On Wed, Feb 26, 2025 at 11:42:41AM -0500, James Bottomley wrote:
> On Wed, 2025-02-26 at 11:00 -0500, Steven Rostedt wrote:
> > On Wed, 26 Feb 2025 09:45:53 -0500
> > James Bottomley <James.Bottomley@...senPartnership.com> wrote:
> > 
> > > > From some other rust boot system work, I know that the quality of
> > > > a  
> > > simple backtrace in rust where you just pick out addresses you
> > > think you know in the stack and print them as symbols can sometimes
> > > be rather misleading, which is why you need an unwinder to tell you
> > > exactly what happened.
> > 
> > One thing I learned at GNU Cauldron last year is that the kernel
> > folks use the term "unwinding" incorrectly.
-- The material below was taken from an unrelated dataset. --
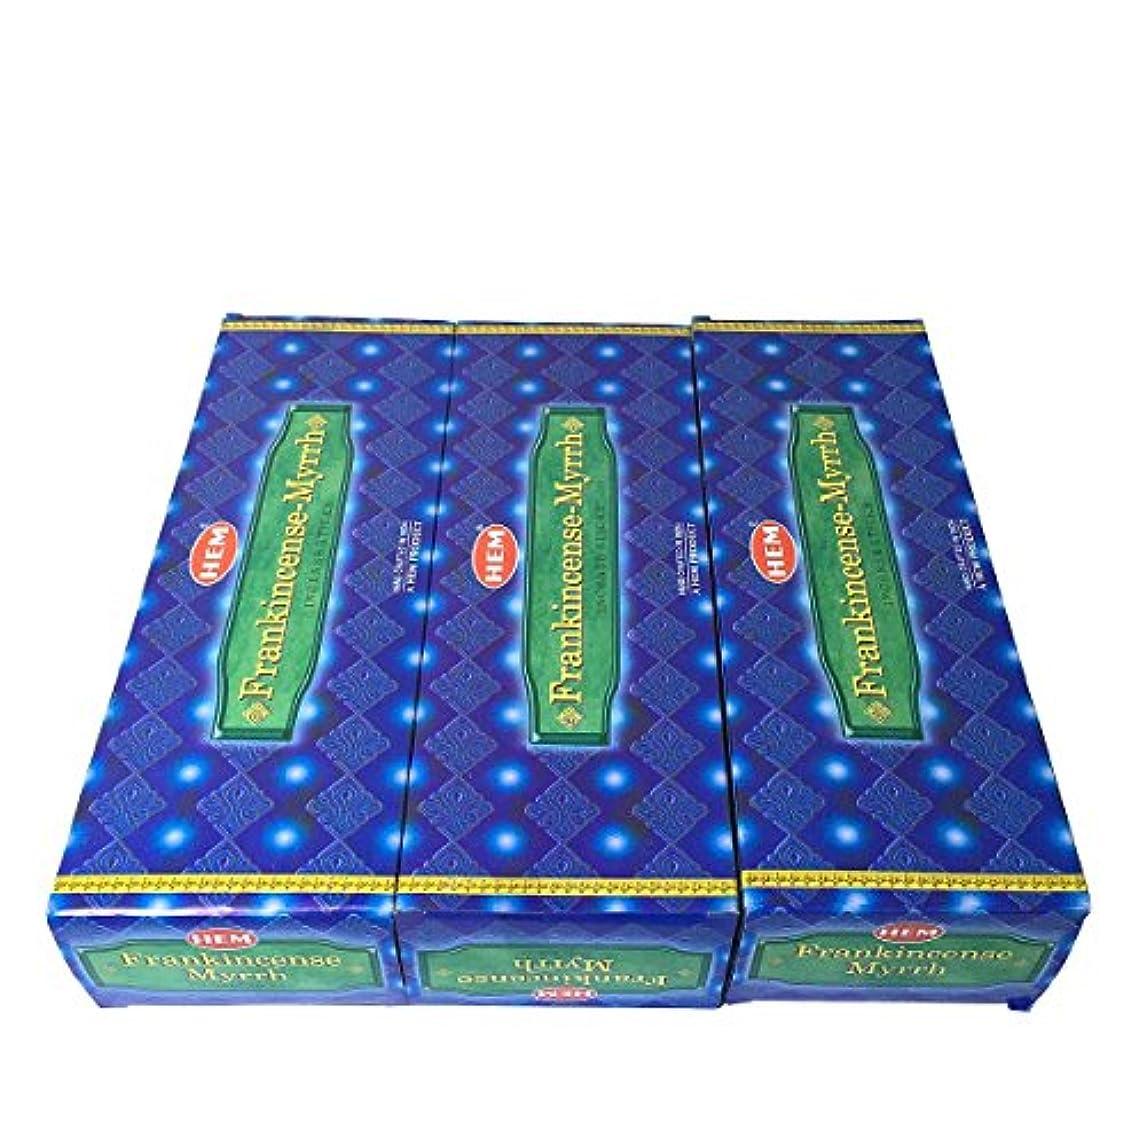 ウェーハカバー一般的にフランキンセンス ミルラ香スティック 3BOX(18箱) /HEM FRANKINCENSE MYRRH/インセンス/インド香 お香 [並行輸入品]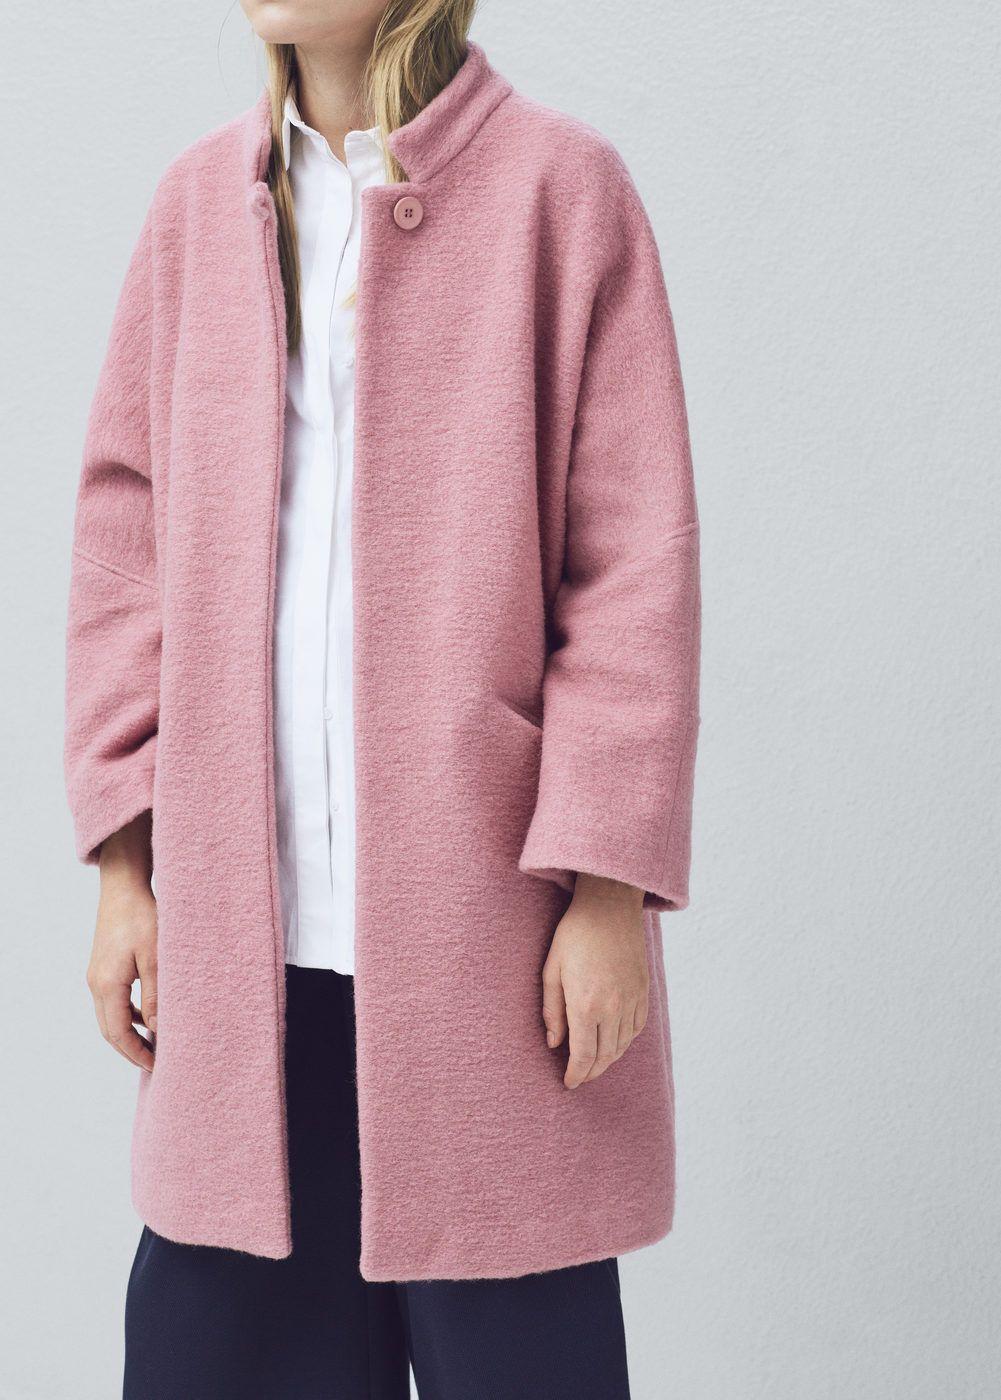 Manteau laine oversize - Femme   Outfits   Manteau, Manteau laine et ... bb8d4474bdc2

Unwinding to the compiler
> > folks mean having full access to all the frames and variables and
> > what not for all the previous functions.
> > 
> > What the kernel calls "unwinding" the compiler folks call "stack
> > walking". That's a much easier task than doing an unwinding, and that
> > is usually all we need when something crashes.
> 
> Well, that's not the whole story.  We do have at least three unwinders
> in the code base.  You're right in that we don't care about anything
> other than the call trace embedded in the frame, so a lot of unwind
> debug information isn't relevant to us and the unwinders ignore it.  In
> the old days we just used to use the GUESS unwinder which looks for
> addresses inside the text segment in the stack and prints them in
> order.  Now we (at least on amd64) use the ORC unwinder because it
> gives better traces:
> 
> https://docs.kernel.org/arch/x86/orc-unwinder.html

More accurate perhaps, but I still don't see it working reliably - I'm x
still having to switch all my test setups (and users) to frame pointers
if I want to be able to debug reliably.